2009 Portland GSA Annual Meeting (18-21 October 2009)

Paper No. 3
Presentation Time: 6:15 PM

PENROSE MEDAL LECTURE


BURCHFIEL, B. Clark, Earth, Atmospheric, and Planetary Sciences, Massachusetts Institute of Technology, 1010 Green Building, Cambridge, MA 02139, bcburch@MIT.EDU

During the past 50 years my interests have changed greatly from one who was only interested in surfing and athletics to a long and rewarding career in the Earth Sciences. The first major step was my acceptance to Stanford, but a football scholarship. During my second year at Stanford I came in contact with marvelous and inspirational teachers and mentors that changed my entire view of academics. They led me to see the excitement in geology and particularly gave their time to show the possibilities to work in the field to unravel the complexity of crustal history, and I have been hooked ever since.

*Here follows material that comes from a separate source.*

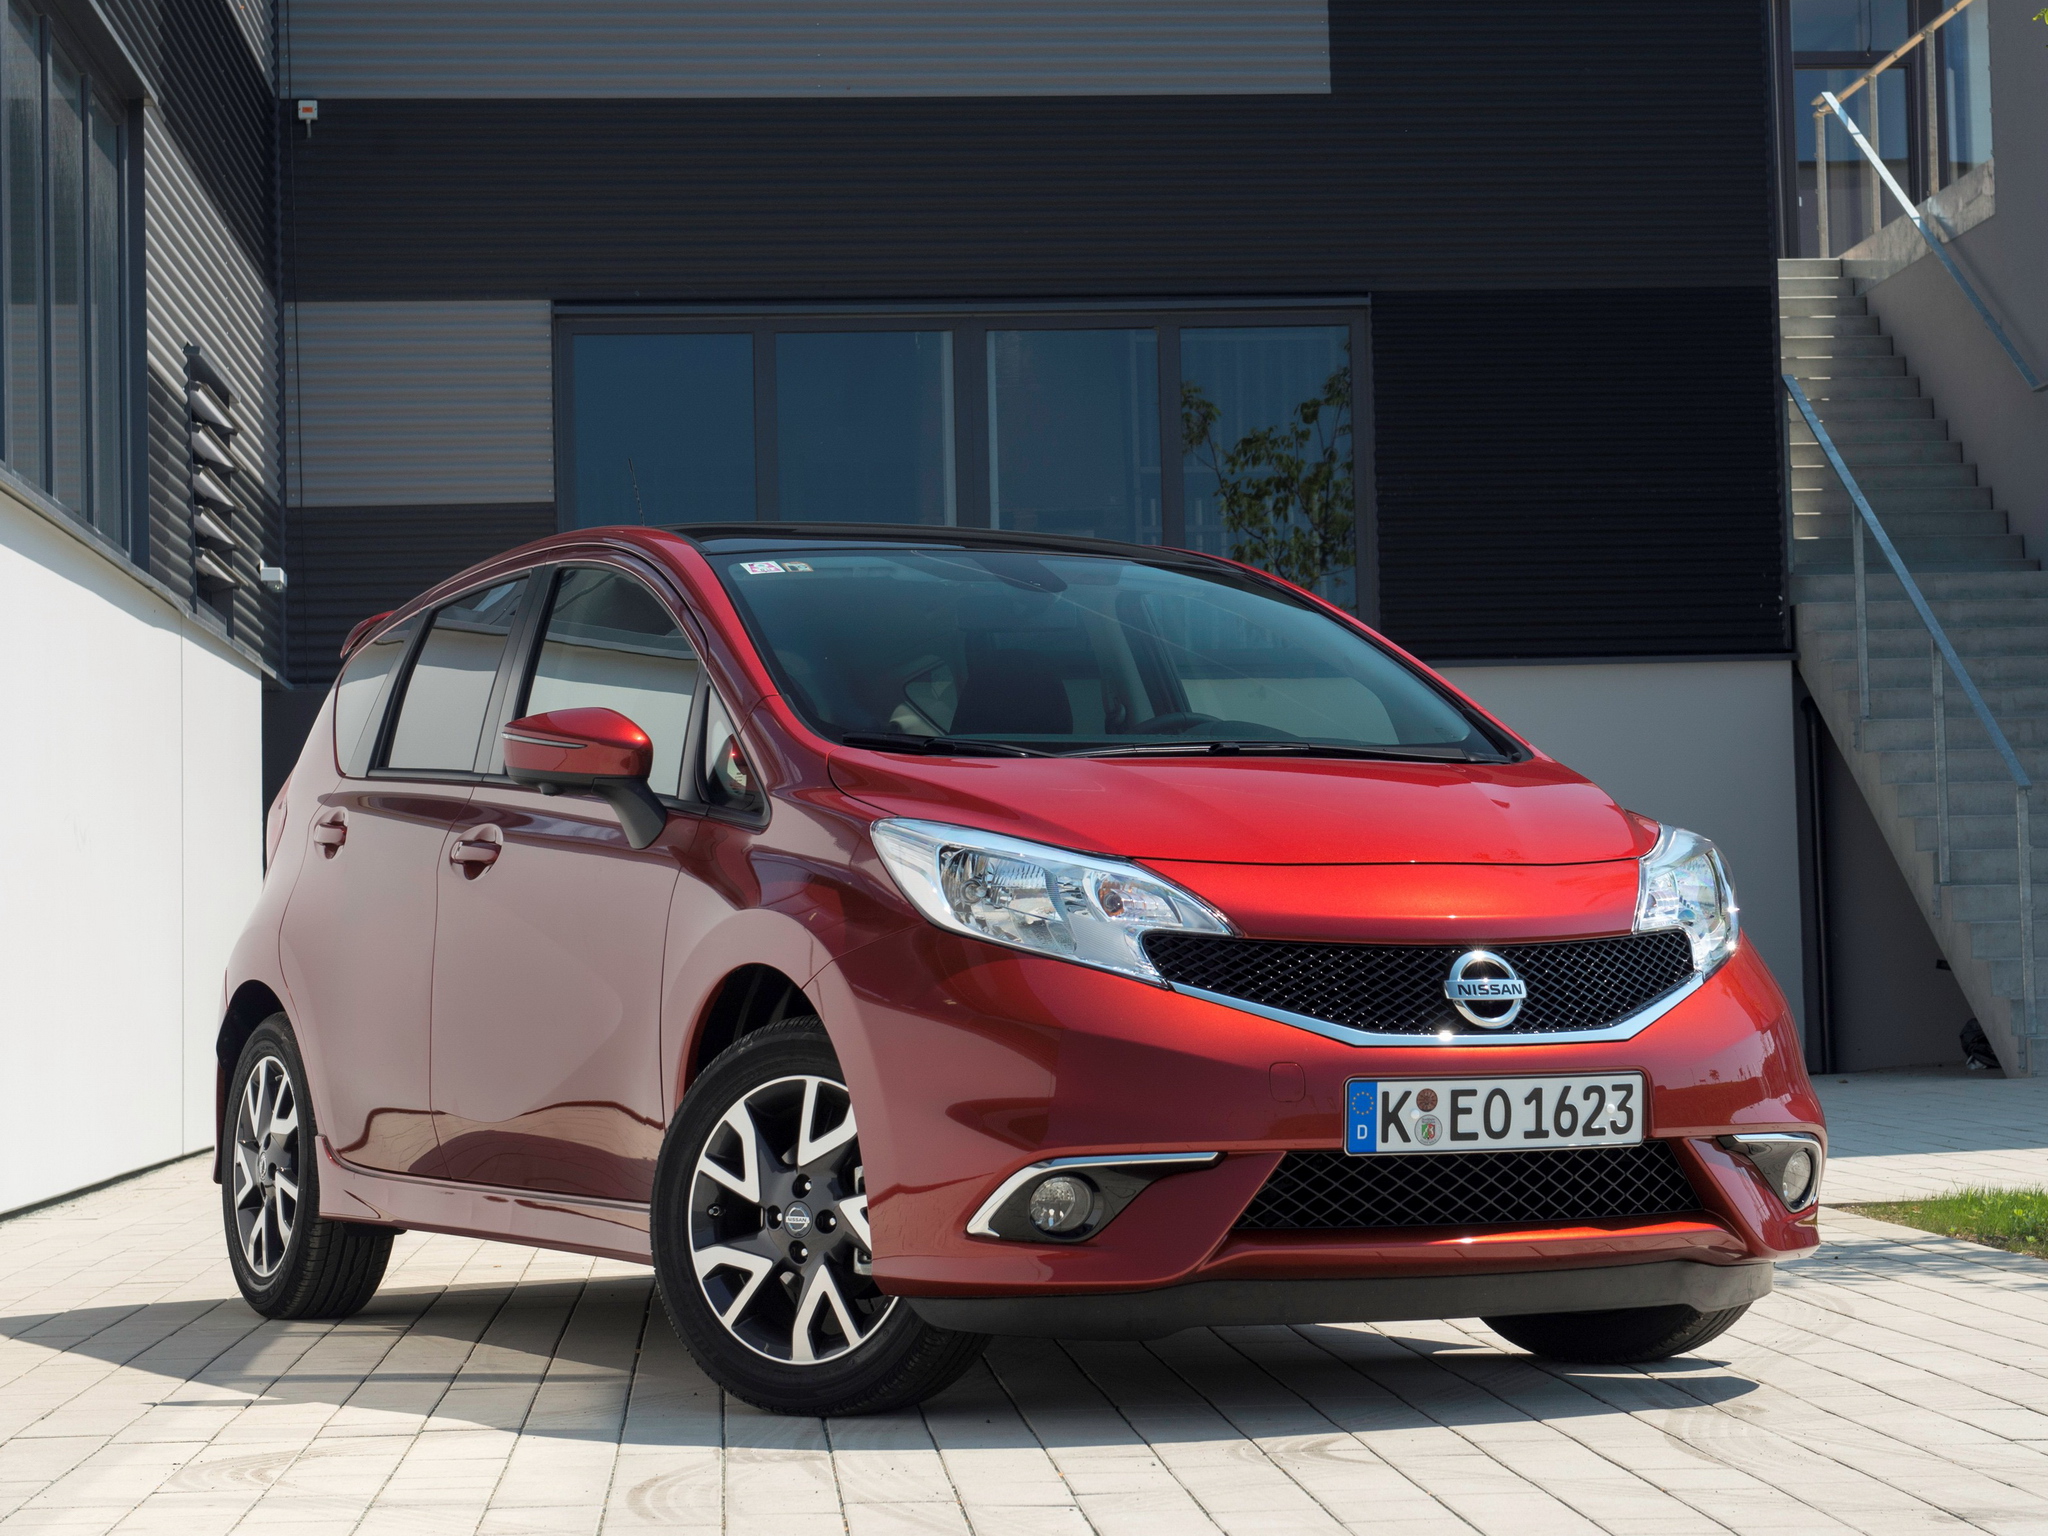 Nissan note photo gallery #3

Through one of my Stanford mentors, Dr. Hubert Schenk, I was accepted to Yale for a PhD, where working with John and one year with S. W. Carey my horizon changed to one of global tectonics, but with a firm base in field geology. The Yale experience changed my future interests from a career in the oil industry to one in academics.

My first teaching position was at Rice University, a wonderful and supportive environment for a beginning career. There was strong support for my projects from the University (very early days of NSF). With great students many projects in the Western United States were completed. But acceptance to attend the First Foreign Field Conference sponsored by the NSF to the Alps in 1962, my first trip abroad, was a major turning point in my career and opened my life-long interest in doing field work globally. In l967-68 I received a Guggenheim Fellowship to study in the Dinarides, but I also read extensively on the Alpine System of Eastern Europe and Turkey. This began my 40-year love affair with Eastern European and Turkish geology that continues today. At the same time I also had the opportunity to send a student to Scandinavia to work in the arctic Caledonides and that began a 25-year-long, 8-graduate-student, project making a cross section across the orogen.

In 1980, through contacts made by Peter Molnar, I had the opportunity to begin geological studies in China that have developed into a 30-year love affair with Asian geology. By 1977 I had moved to MIT where combining field geology in China into multidisciplinary studies changed and continues to change my geological thought processes.

None of this would have been possible without great teaching and mentoring, the association with outstanding graduate students and wonderful colleagues.